Sunday’s outburst was part of civil society action that has been growing through the use of technology. Internet service, which had been tightly controlled by the government, is now more accessible; activists have been using social media to document abuses, call for freedom of expression, and apply pressure on other grievances. Additional sporadic protests took place again on Monday, according to social media posts, and police in riot gear stepped up their presence on the street. Internet access also was briefly shut down, various news outlets reported.  

Yotuel Romero, a singer with the Orishas band and one of the leaders of the Patria y Vida project, told the Miami Herald that the song is part of an “awakening of Cuban youth.”

The song also has raised the profile of Afro Cubans. All of the singers are Black. That is significant for a population that has grown on the island, while those with means—many of them white or light-skinned Cubans—have fled. In addition to Romero, the other artists include Alexander Delgado and Randy Malcom of the reggaeton duo Gente de Zona, singer-songwriter Descemer Bueno, and rappers Maykel Castillo, known as Maykel Osorbo, and Eliécer “el Funky” Márquez. Some were one the island when the song was produced, others in exile.

“Patria y Vida gives them a voice,” says Alejandro de la Fuente, chair of the Cuba Studies Program at Harvard University. “It’s a popular voice. It’s an Afro Cuban voice. It comes from the barrio.”
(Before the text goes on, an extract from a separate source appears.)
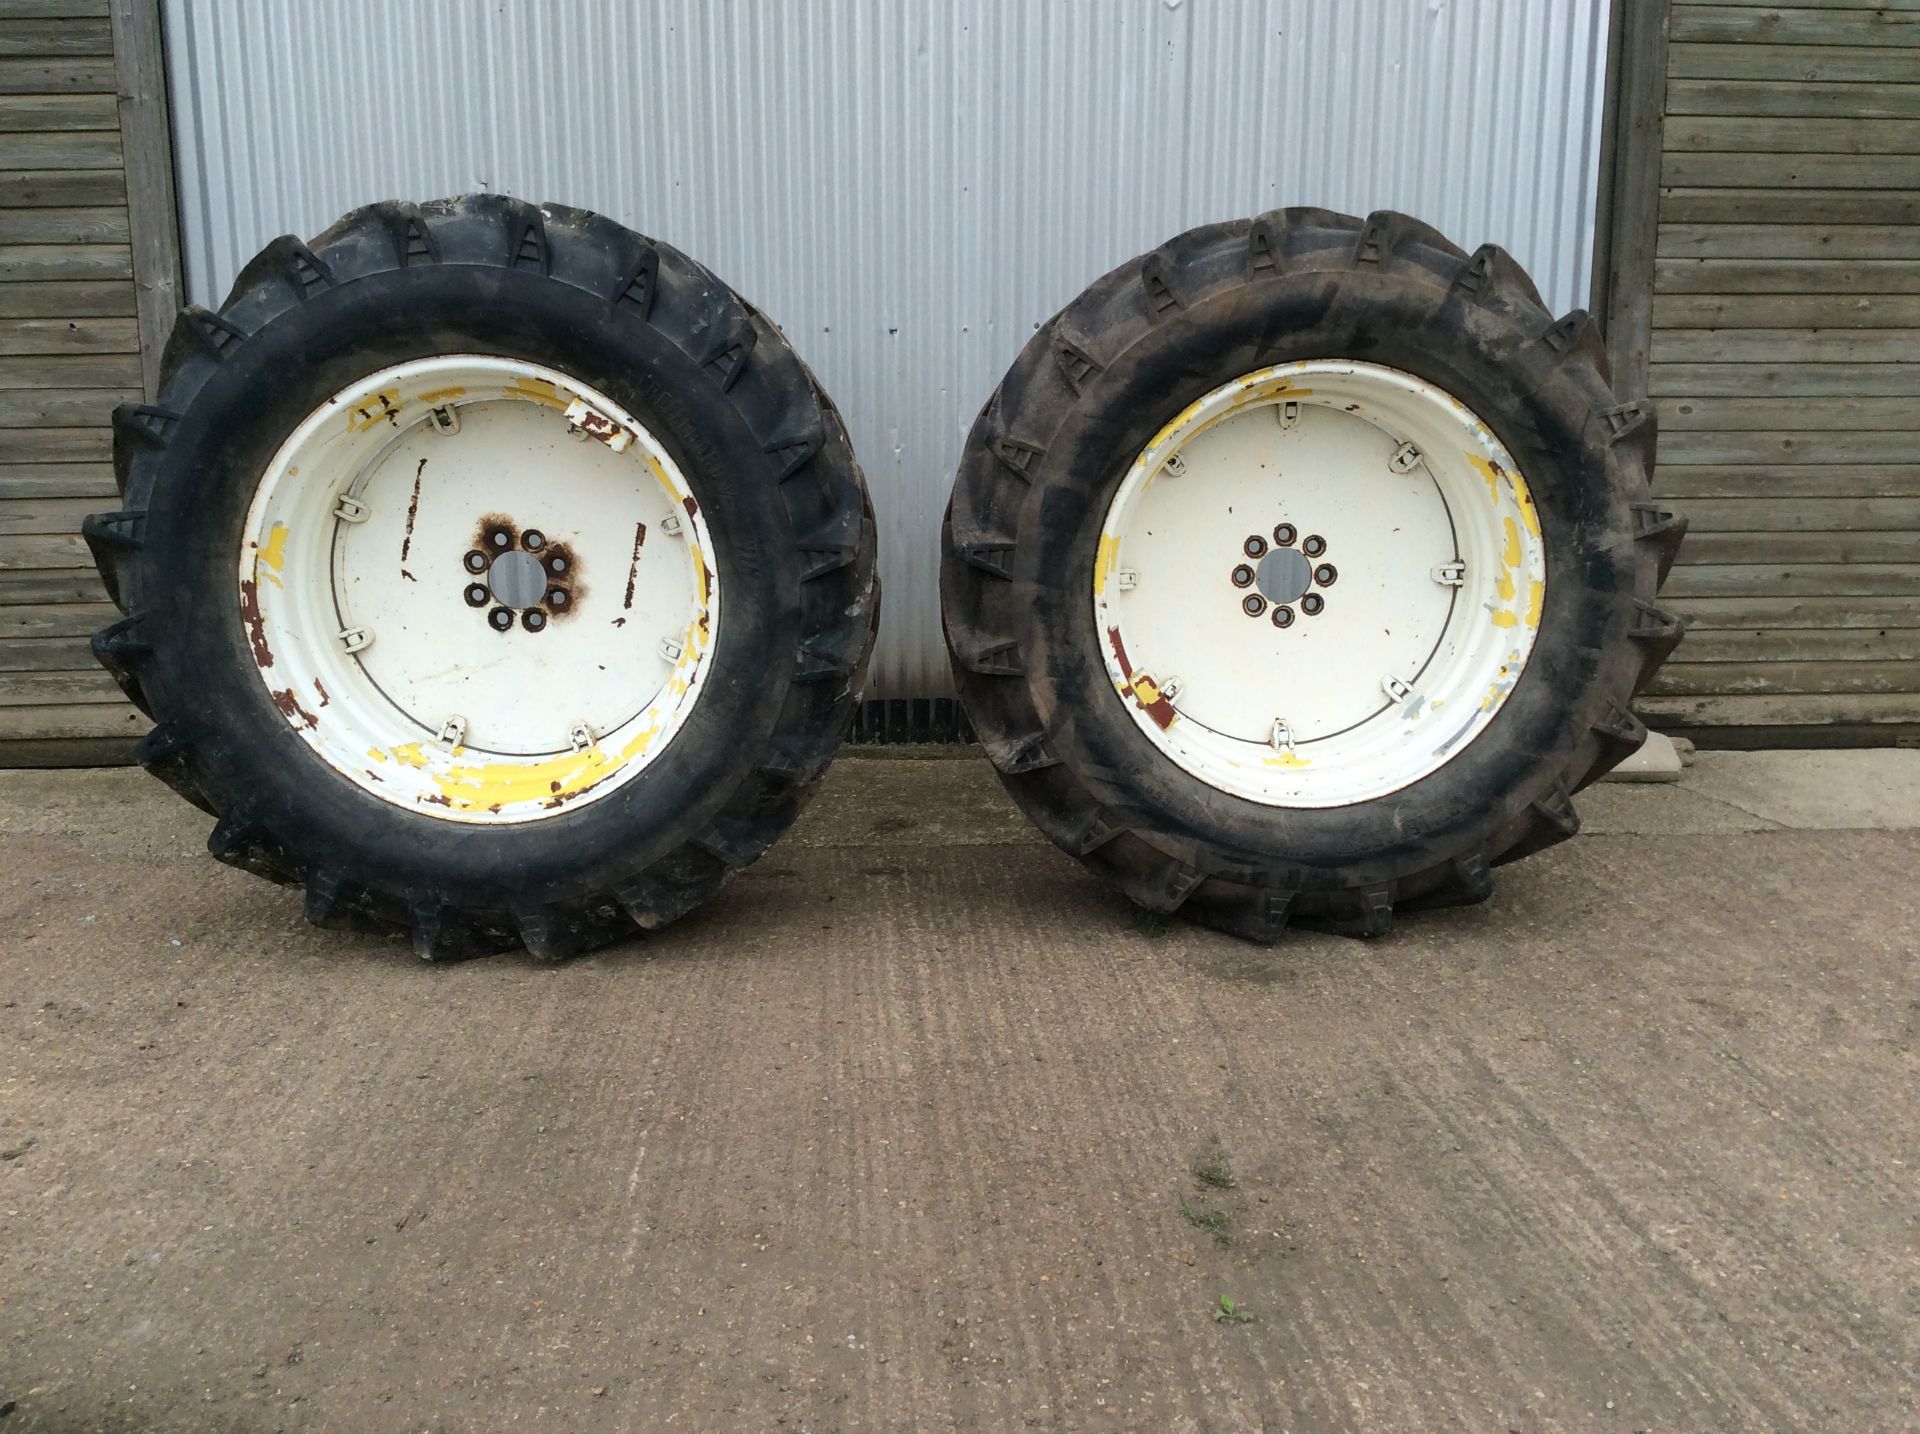 Trelleborg LP650-38 centres to fit Ford Part Worn Location: Huntingdon, Cambridgeshire - Image 2 of 3

Sunday’s protests also showcased “demands and frustration that took on a new life,” de la Fuente says. “Does it have legs? Yes, the conversation changes. The people who took the streets, there is no way now to argue that these people are financed by the U.S. This is something else that will require self-reflection within Cuba. This creates a different narrative and it’s a powerful narrative.”

The last time a large protest crowd took to the streets in Cuba was in 1994, in an uprising known as the Maleconazo because of the hundreds of disaffected Cubans who crowded onto the Havana seafront boulevard called the Malecón. That demonstration was limited to Havana, though. Fidel Castro got rid of the simmering unrest by allowing those who wanted to leave to take to the seas in a massive exodus. More than 35,000 Cubans fled that summer in what came to be known as the “rafter” or balsero crisis. The elder Castro died in 2016 and his brother Raúl took charge. He stepped down as head of the Communist Party in April and Díaz-Canel was named as successor, serving as both president and party leader.

In Miami on Sunday evening, Patria y Vida singer Yotuel Romero showed up at the solidarity protest in Little Havana to take part and cheer on the crowd. Standing on the roof of a van, he folded his hands in the air and asked the hundreds gathered to join him in prayer for Cuba. Many got on their knees.